▶ _DATA SHOWN_:
-=-=-=-=-

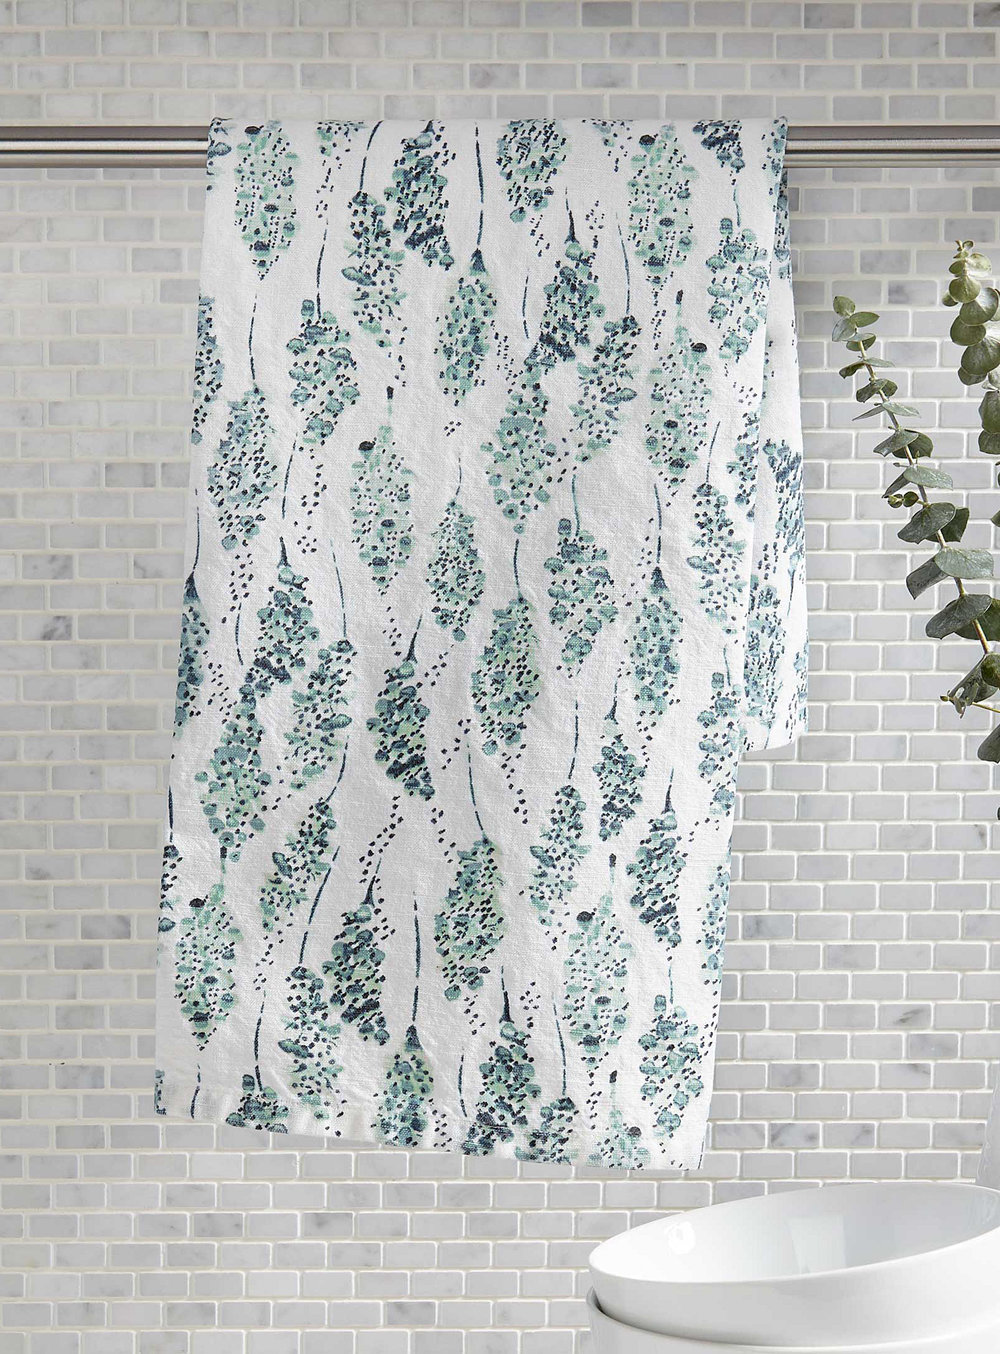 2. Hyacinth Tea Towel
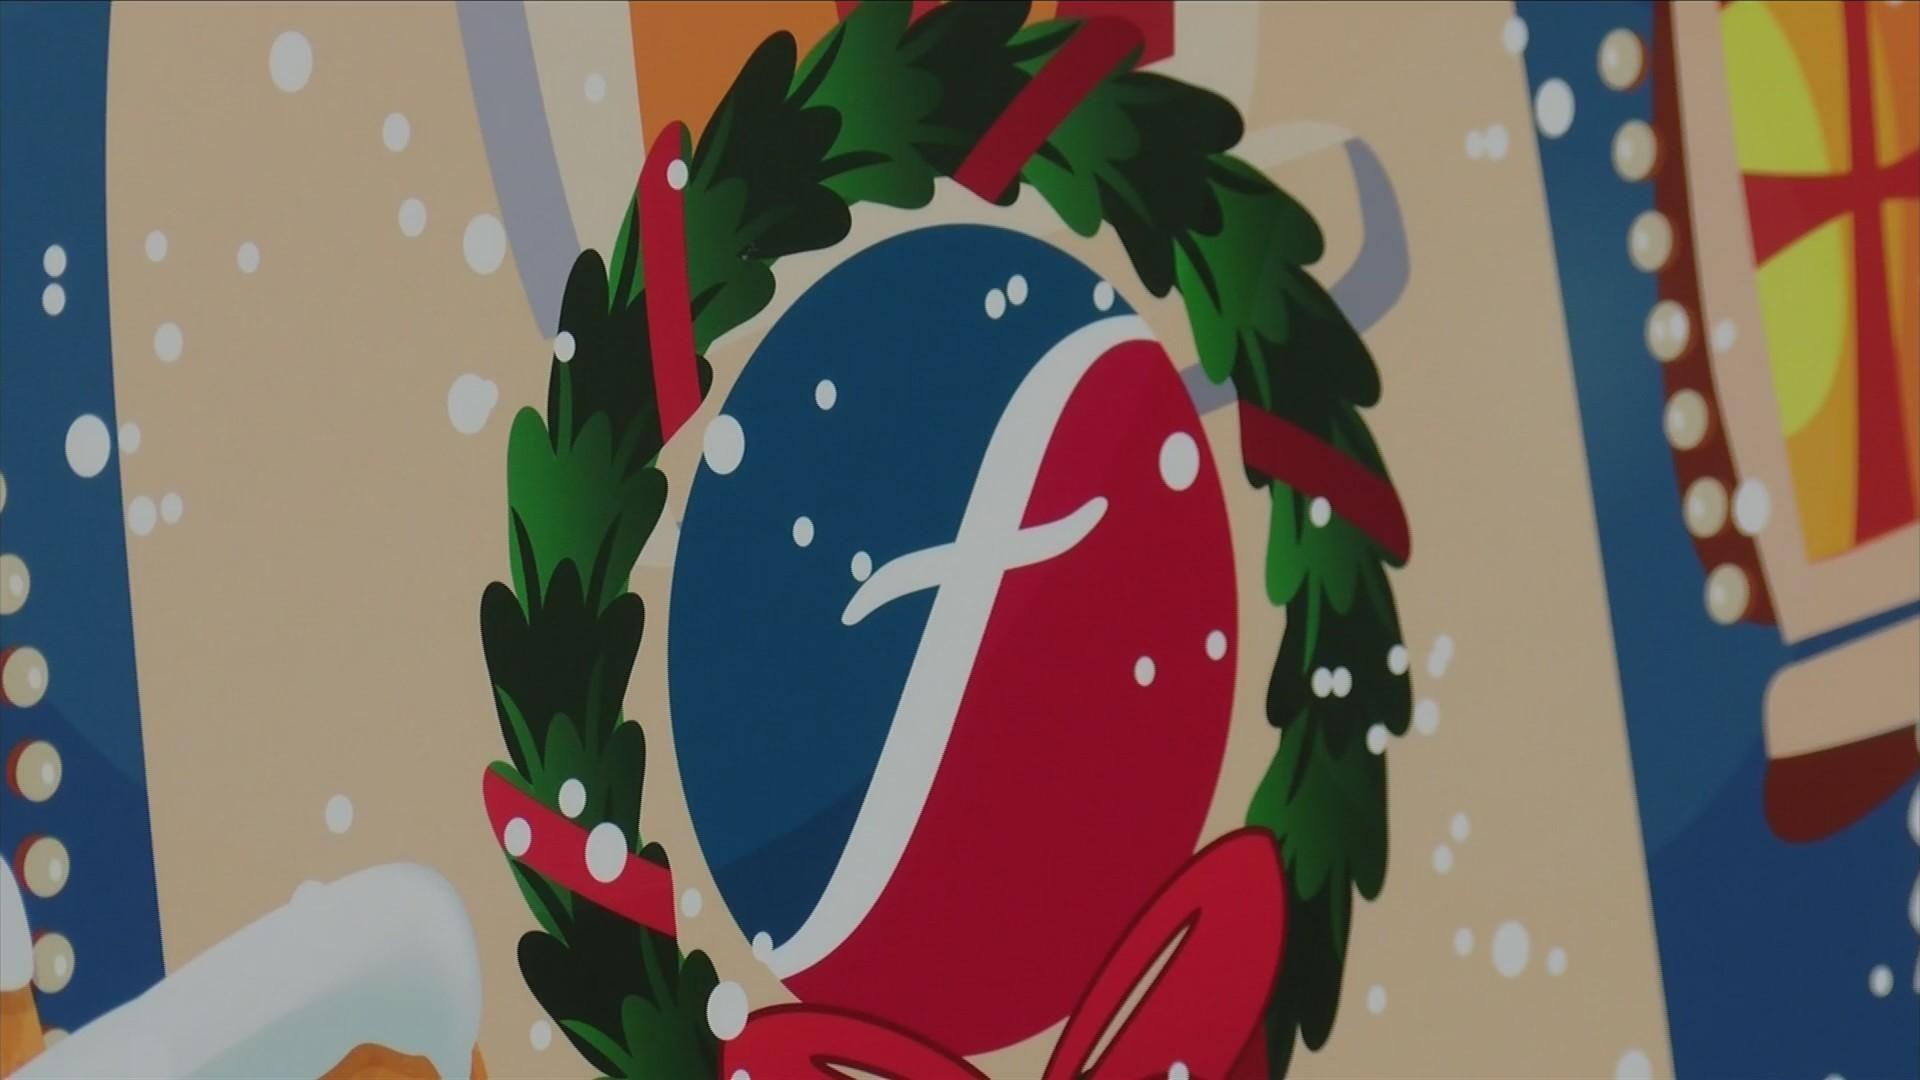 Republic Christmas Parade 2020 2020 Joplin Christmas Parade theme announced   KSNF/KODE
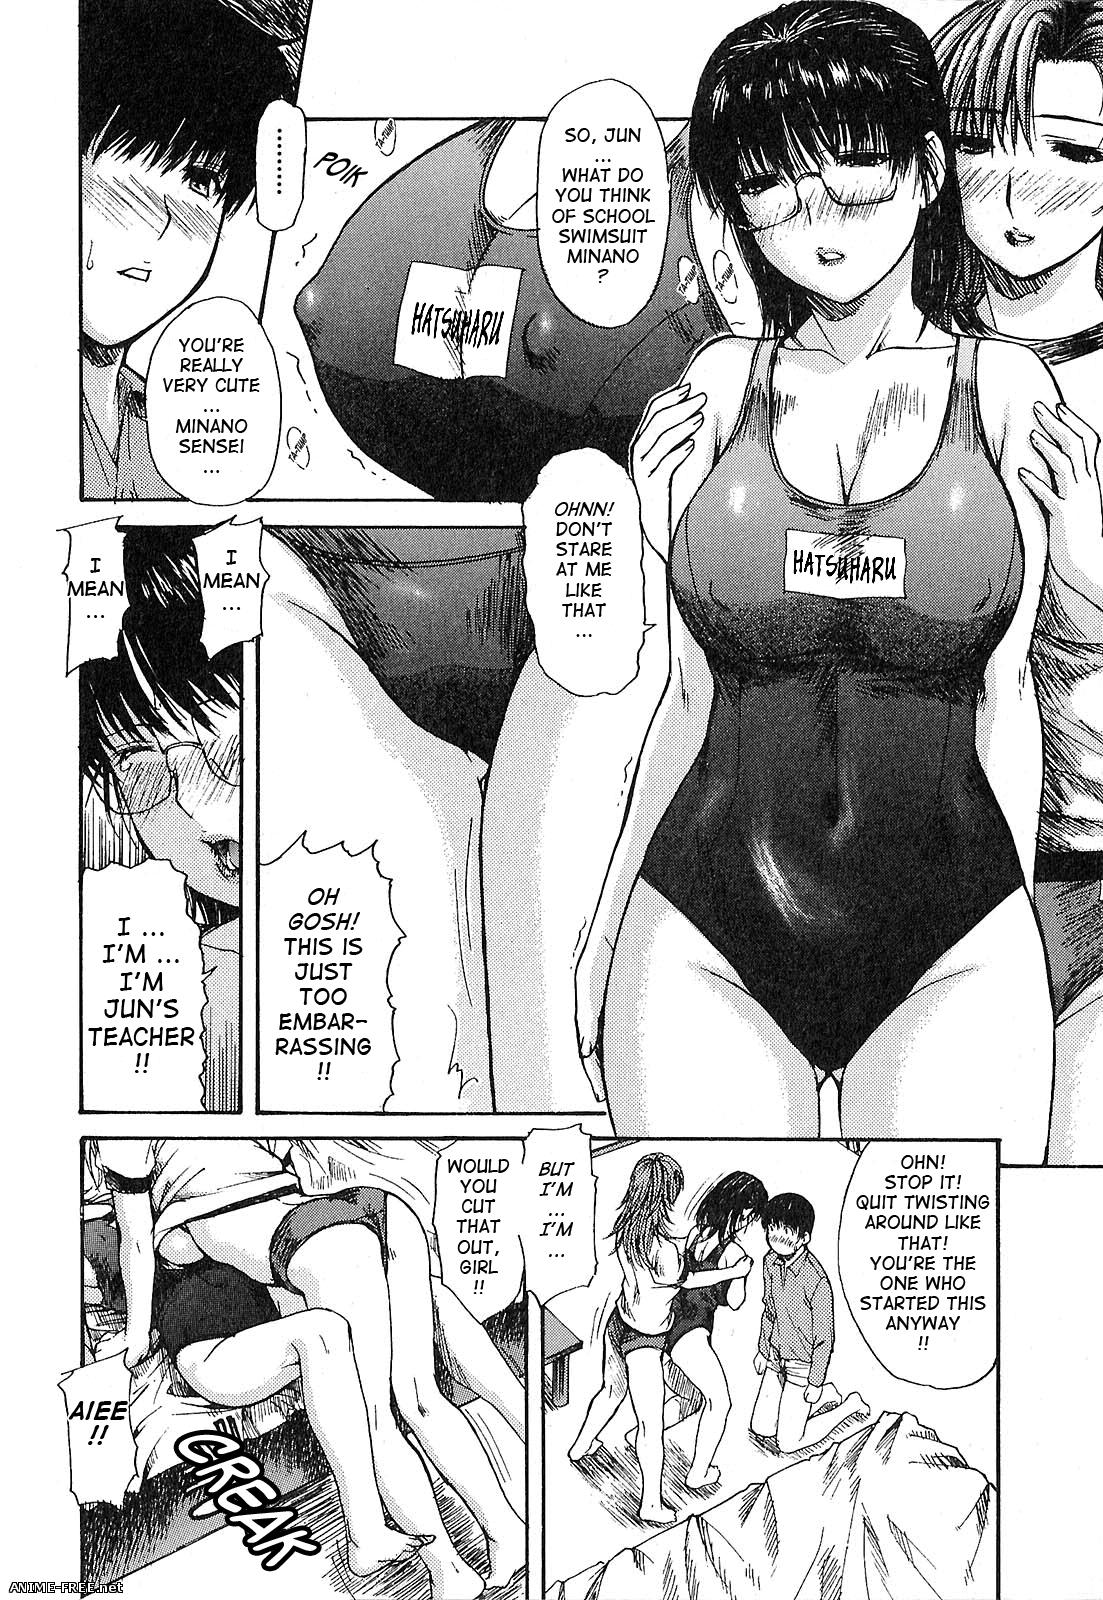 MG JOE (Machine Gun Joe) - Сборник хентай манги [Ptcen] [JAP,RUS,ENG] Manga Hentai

-=-=-=-=-

▶ _TASK REQUIREMENTS_:
In your answer, repeat the material above in full, exactly, and without its pictures.

▶ _EXERCISE SOLUTION_:
 2. Hyacinth Tea Towel
 Republic Christmas Parade 2020 2020 Joplin Christmas Parade theme announced   KSNF/KODE
 MG JOE (Machine Gun Joe) - Сборник хентай манги [Ptcen] [JAP,RUS,ENG] Manga Hentai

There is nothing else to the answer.